50 His Honour (at [24]) dealt with the question of "attached" by referring to various dictionary definitions. The Oxford English Dictionary gives various meanings to the transitive verb, being:
"To tack on; to fasten or join" (item 5a)
"To connect or join on functionally" (item 6a)
Further, "attached" does not necessarily mean physically fastened (Stroud's Judicial Dictionary of Words and Phrases (8th ed, Sweet and Maxwell, 2012) at p 239). His Honour in this context also referred to Practice Note CM 6, although we do not find this of much assistance in the present context.
51 The question is whether the pdf of the copy judgment could be treated as "attached" to the pdf of the bankruptcy notice, both being attached (together with the letter) to the email. Now clearly they were both attached to the email. The question is whether they were attached to each other. In our view, they were so attached. They were attached to the same email and electronically proximate to each other. Both were sent together rather than separately. Moreover, the one electronic communication (the email and attachments) was not divisible electronically at the time of issue or immediate receipt. Later, of course, one could choose to separately open each pdf and print hard copies separately. But at the time of electronic issue, the bankruptcy notice and the copy judgment or order were together and not separated. In one sense they were electronically "glued" together. They were electronically "fastened" to each other. Short of the two documents being constituted in the one pdf, they were as close electronically as they could be. Further, if they had been constituted in the one pdf, then it might have been argued that they were one and the same document, rather than being a notice with an attachment. Moreover, the fact that each pdf was itself attached to the email does not entail that each pdf could not also be attached to each other.
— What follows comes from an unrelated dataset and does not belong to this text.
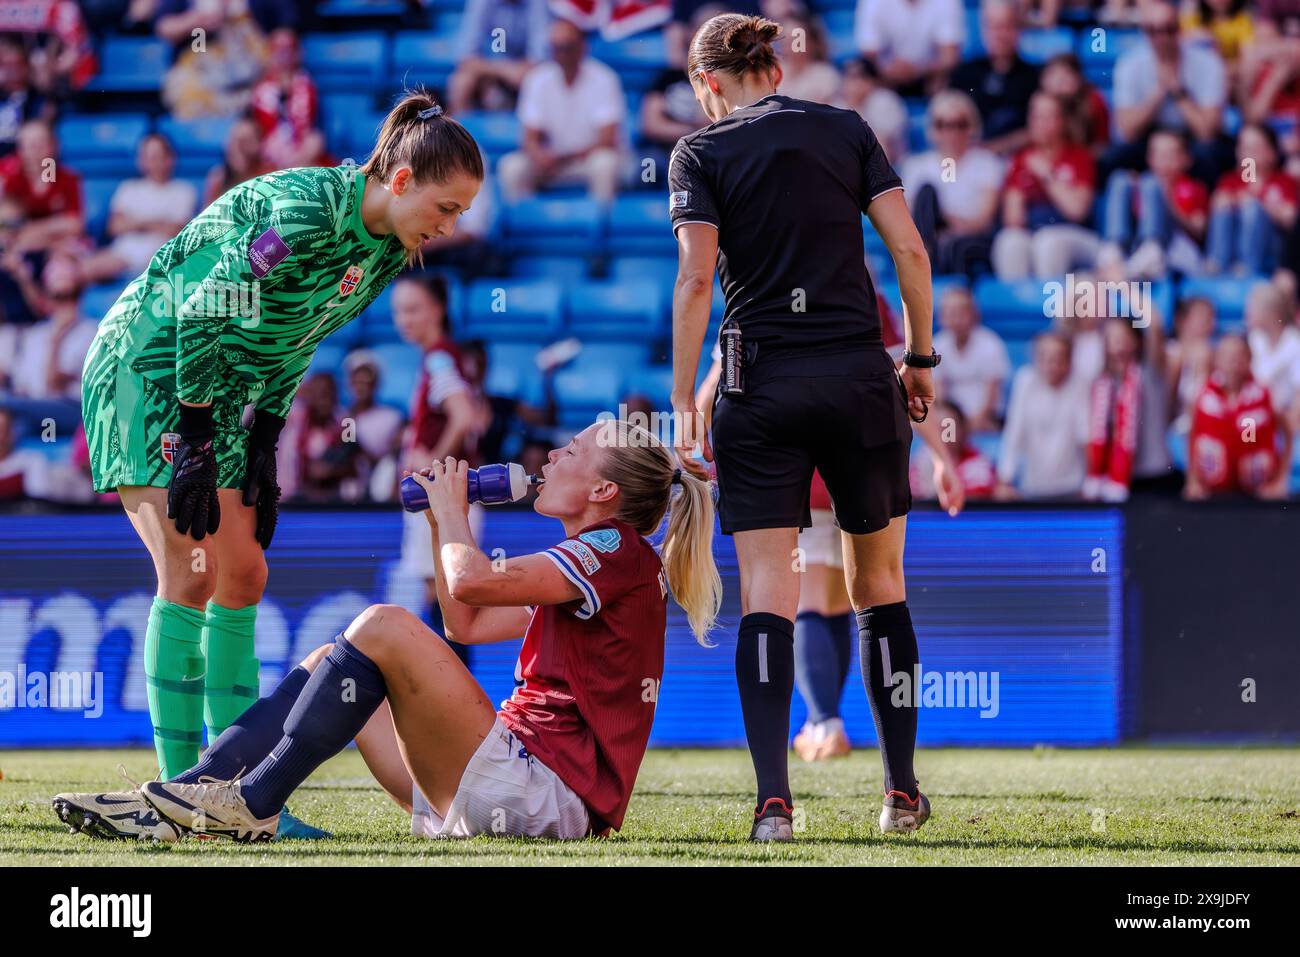 Oslo, Norway. 31st, May 2024. Goalkeeper Cecilei Fiskerstrand (1) of Norway seen during the UEFA European Qualifier match between Norway and Italy at Ullevaal Stadion in Oslo. (Photo credit: Gonzales Photo - Ketil Martinsen). Stock Photo

52 It was put that as the accompanying letter was also attached to the email in a separate pdf, that the above reasoning might suggest that the letter was attached to the bankruptcy notice. In one sense it may have been, but that did not invalidate the bankruptcy notice; that was not a defect, alternatively s 306(1) would apply to cure such a formal defect or irregularity. In any event, such an argument does not appear to have been run below.
53 In summary, in our view, at the time of issue the copy judgment was attached to the bankruptcy notice. That conclusion is sufficient to dispose of this appeal.